## INPUT DATA
________________
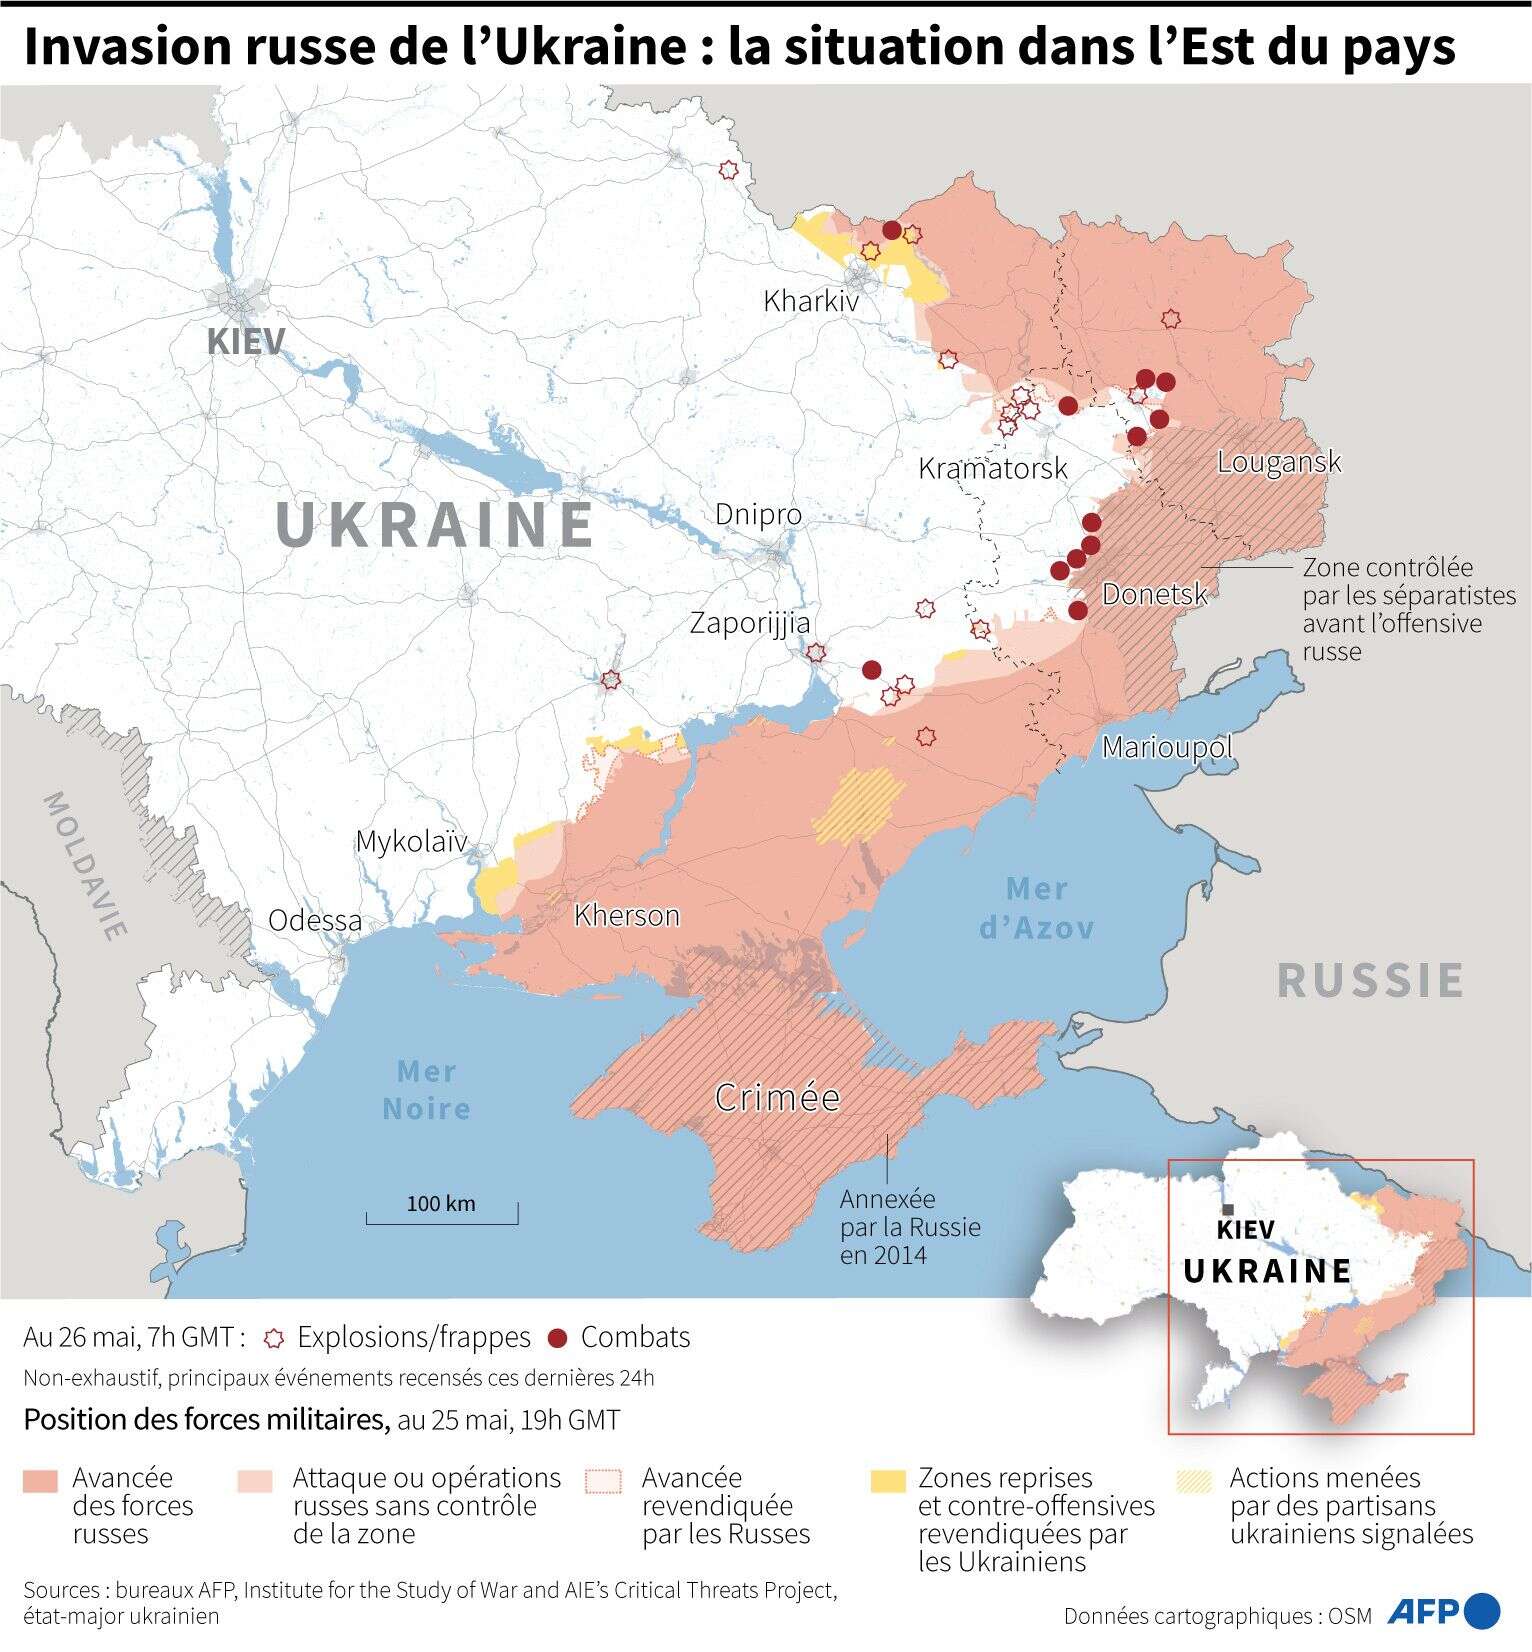 Ukraine invasion russe
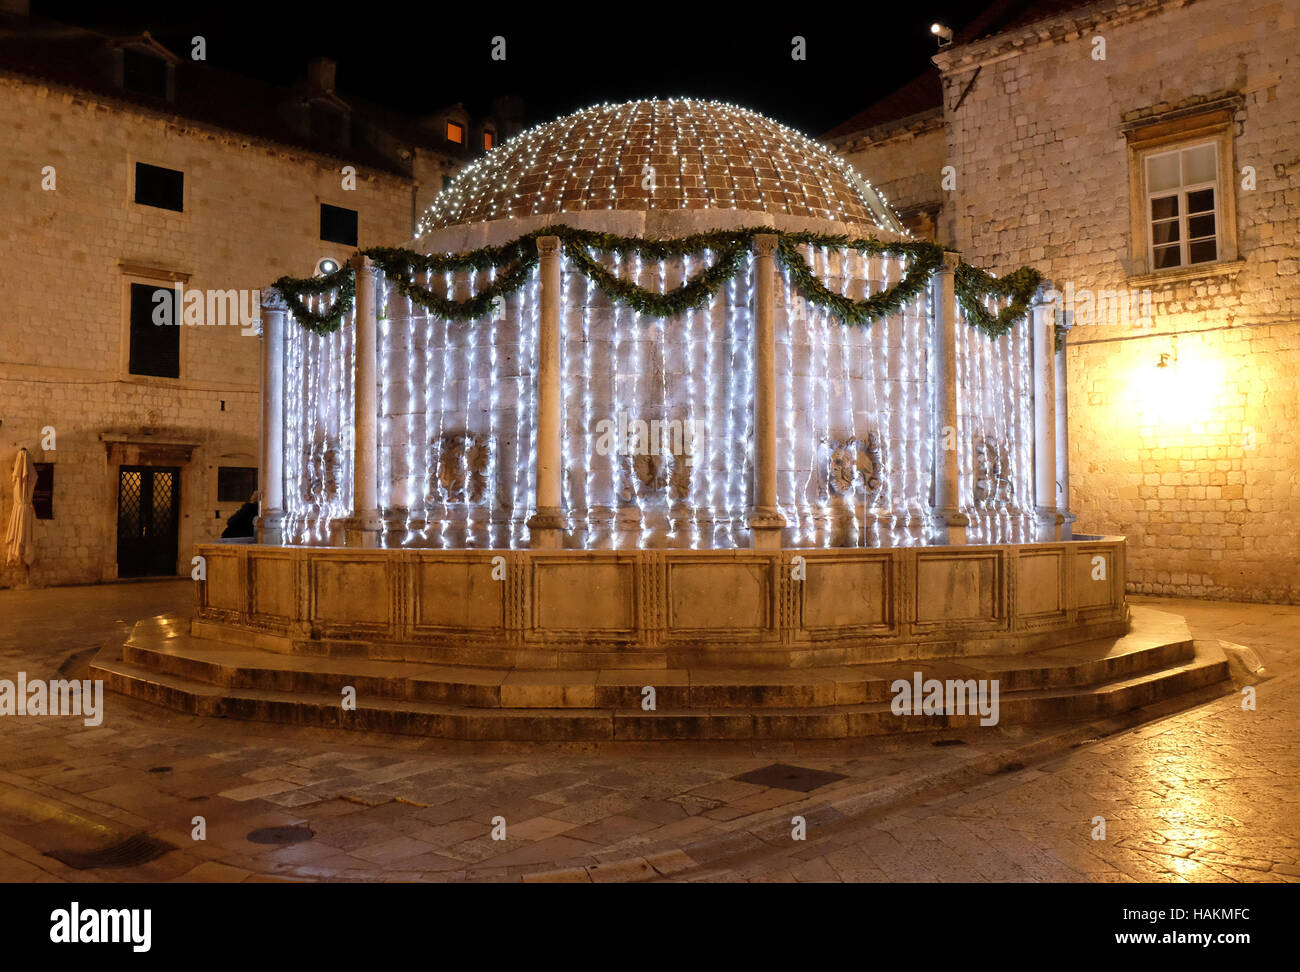 Onofrio fontana decorata con luci di Natale ornamenti e splendente nella romantica atmosfera, Dubrovnik, Croazia Foto Stock
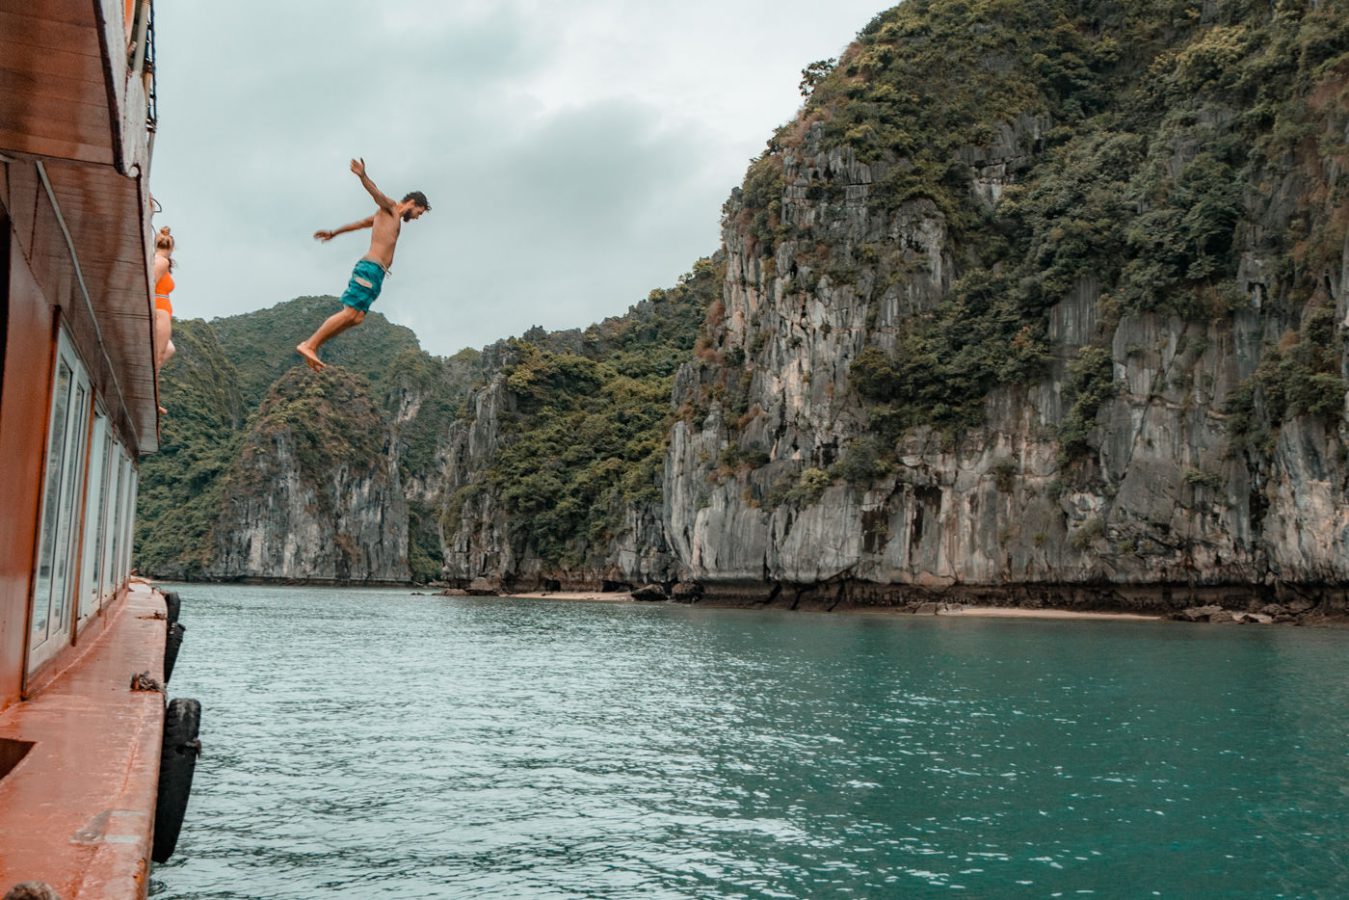 Matthias springt vom Boot in der Halong Bucht, Vietnam
________________
## WORK INSTRUCTIONS
Output every line above exactly as it stands, and drop any picture.

## COMPLETED EXERCISE
 Ukraine invasion russe
 Onofrio fontana decorata con luci di Natale ornamenti e splendente nella romantica atmosfera, Dubrovnik, Croazia Foto Stock
 Matthias springt vom Boot in der Halong Bucht, Vietnam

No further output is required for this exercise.